Given information:

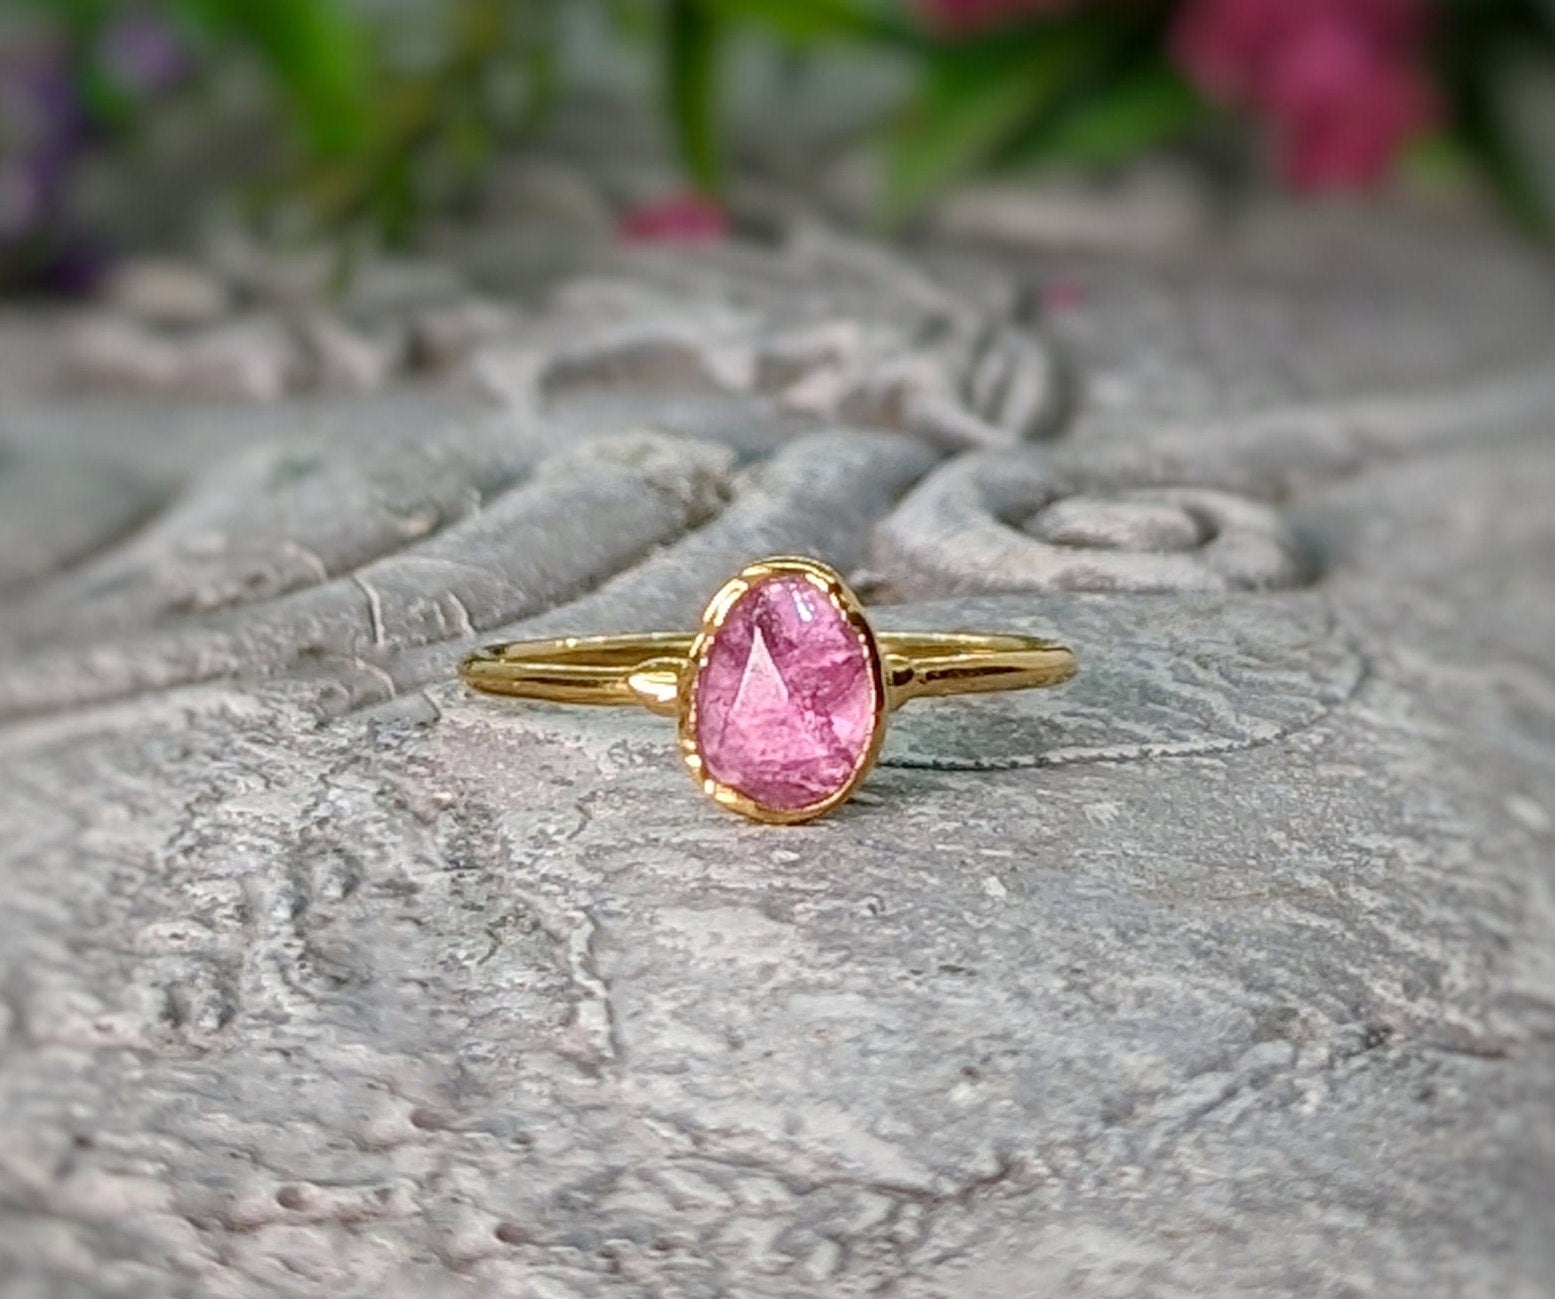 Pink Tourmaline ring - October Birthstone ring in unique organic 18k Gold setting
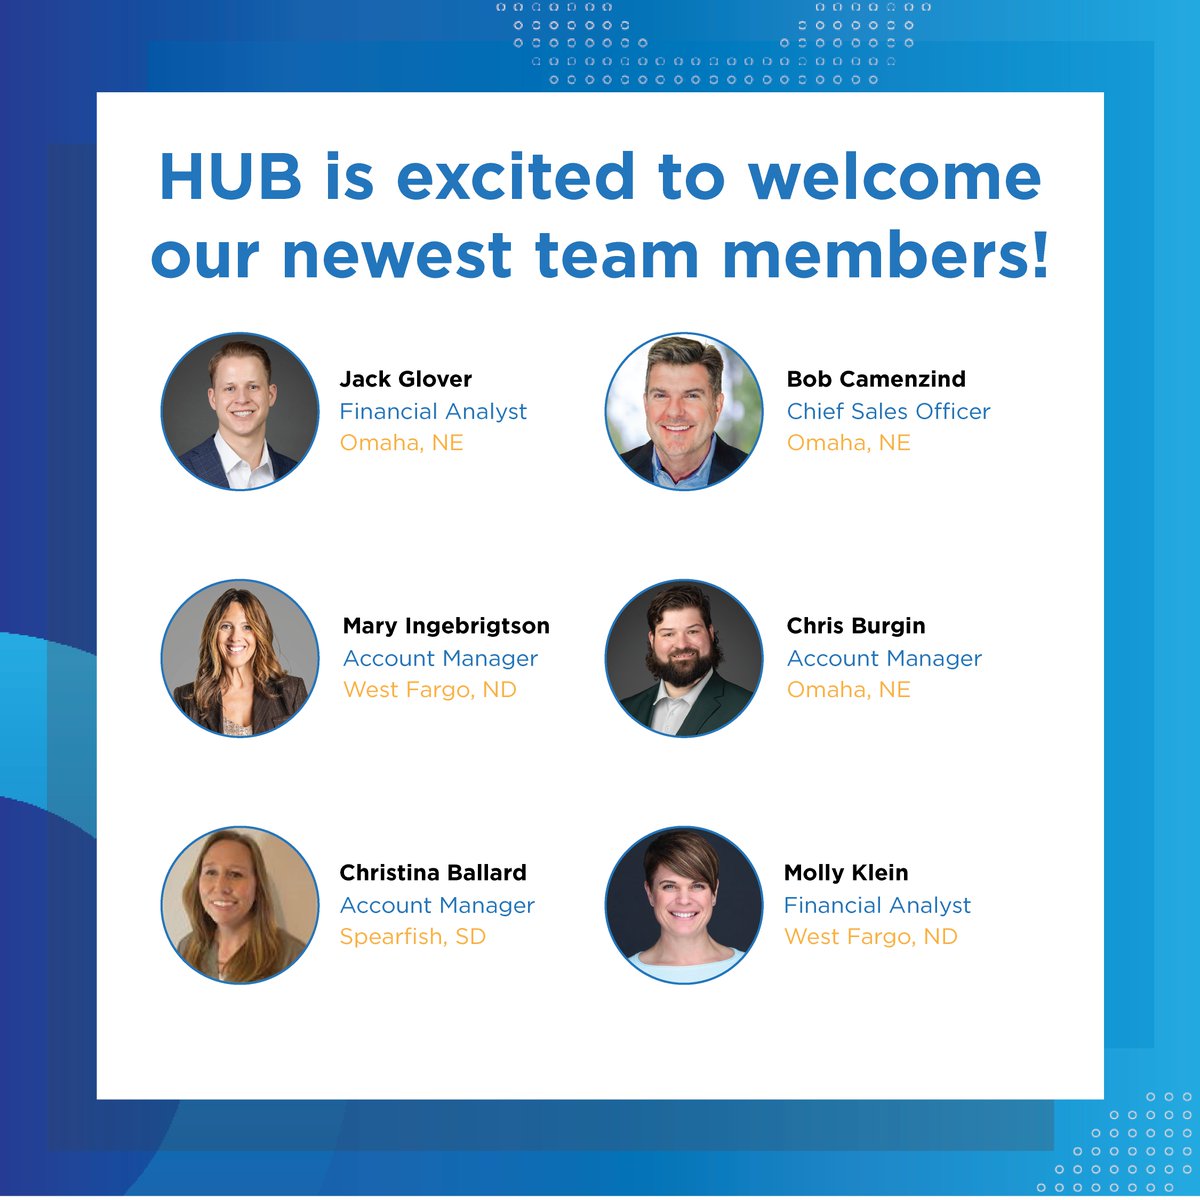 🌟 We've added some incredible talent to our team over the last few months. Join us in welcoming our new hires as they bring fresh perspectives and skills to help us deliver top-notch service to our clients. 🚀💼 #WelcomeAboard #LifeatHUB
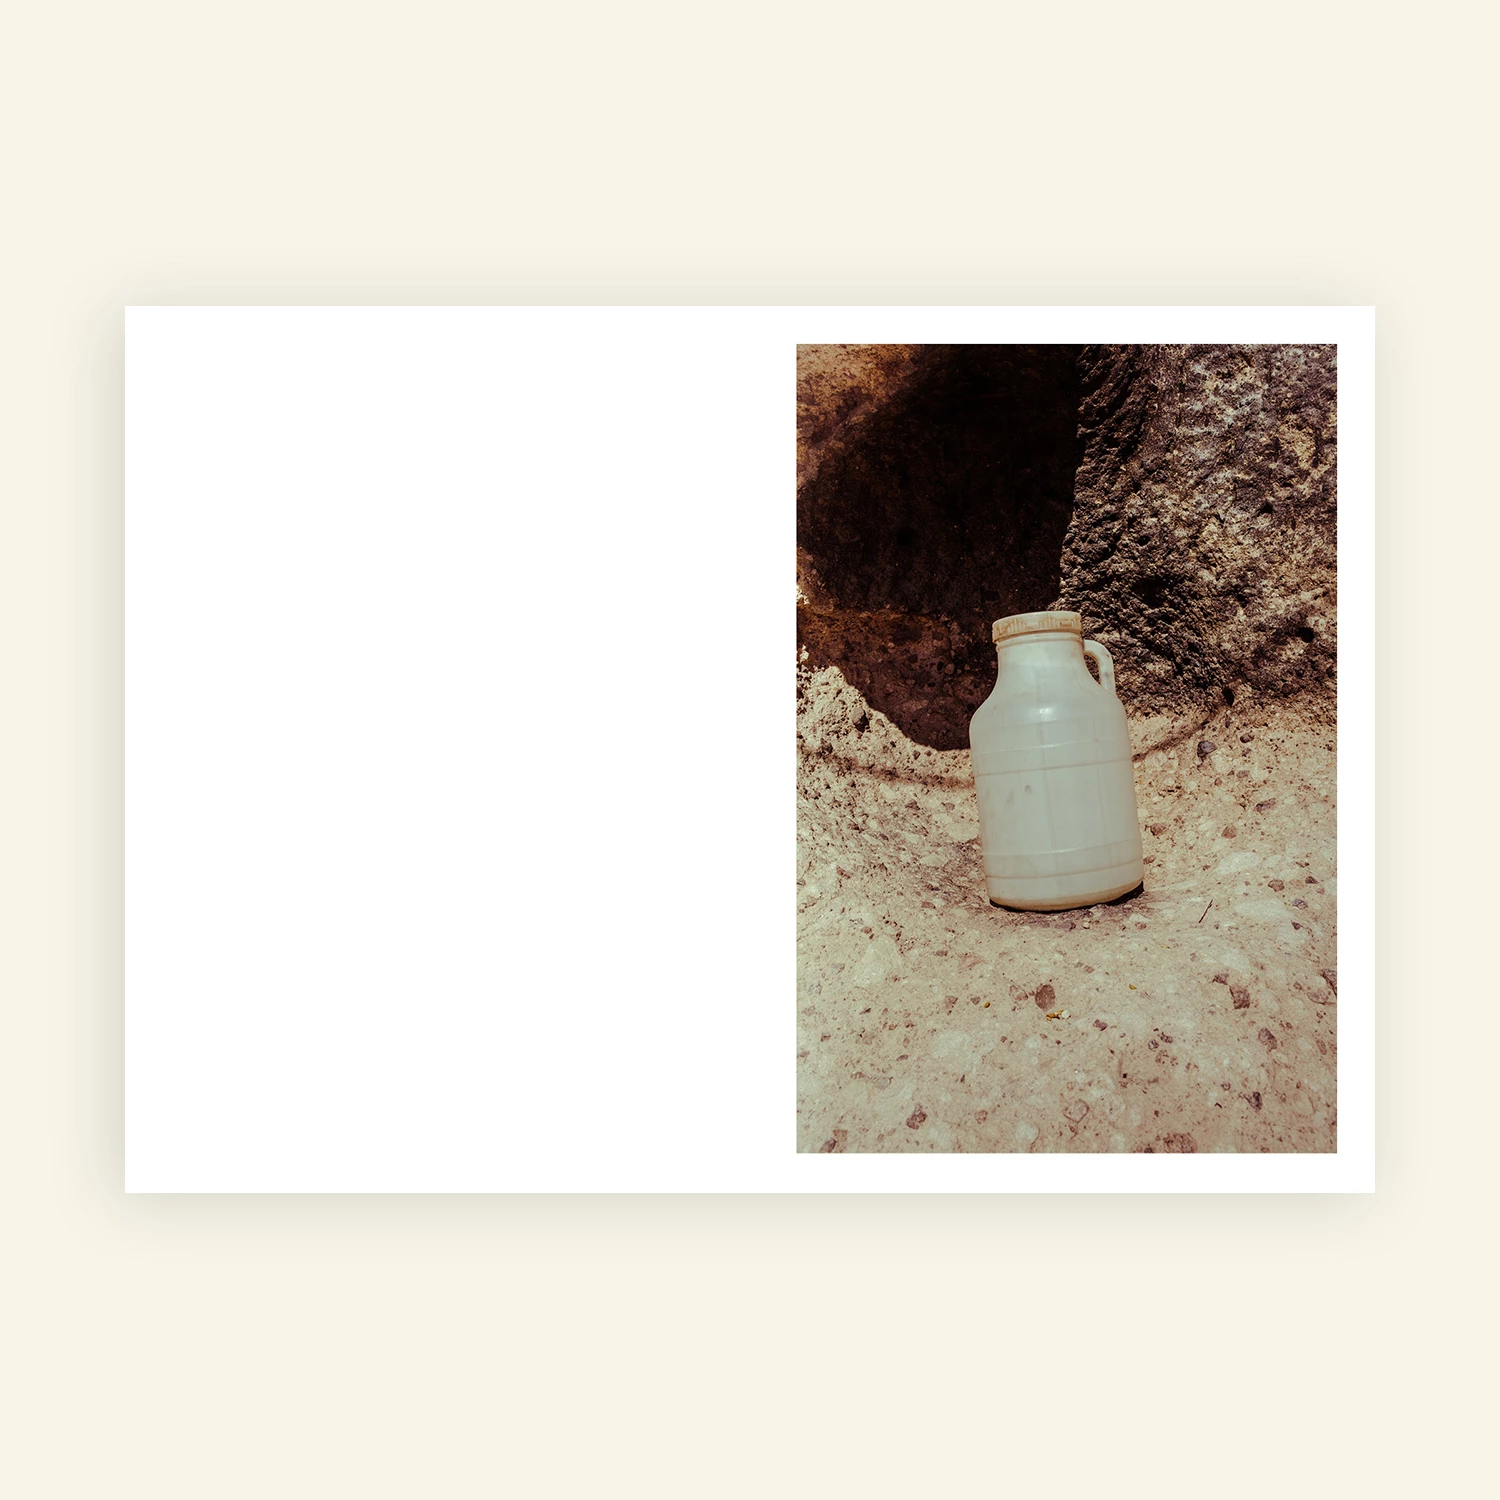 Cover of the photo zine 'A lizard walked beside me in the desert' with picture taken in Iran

Exercise objective: Starting at the line that contains "clients. 🚀💼 #WelcomeAboard #LifeatHUB", retype each line through the final one in the listing, with both ends kept and the pictures omitted.

Solution to this task:
 🌟 We've added some incredible talent to our team over the last few months. Join us in welcoming our new hires as they bring fresh perspectives and skills to help us deliver top-notch service to our clients. 🚀💼 #WelcomeAboard #LifeatHUB
 Cover of the photo zine 'A lizard walked beside me in the desert' with picture taken in Iran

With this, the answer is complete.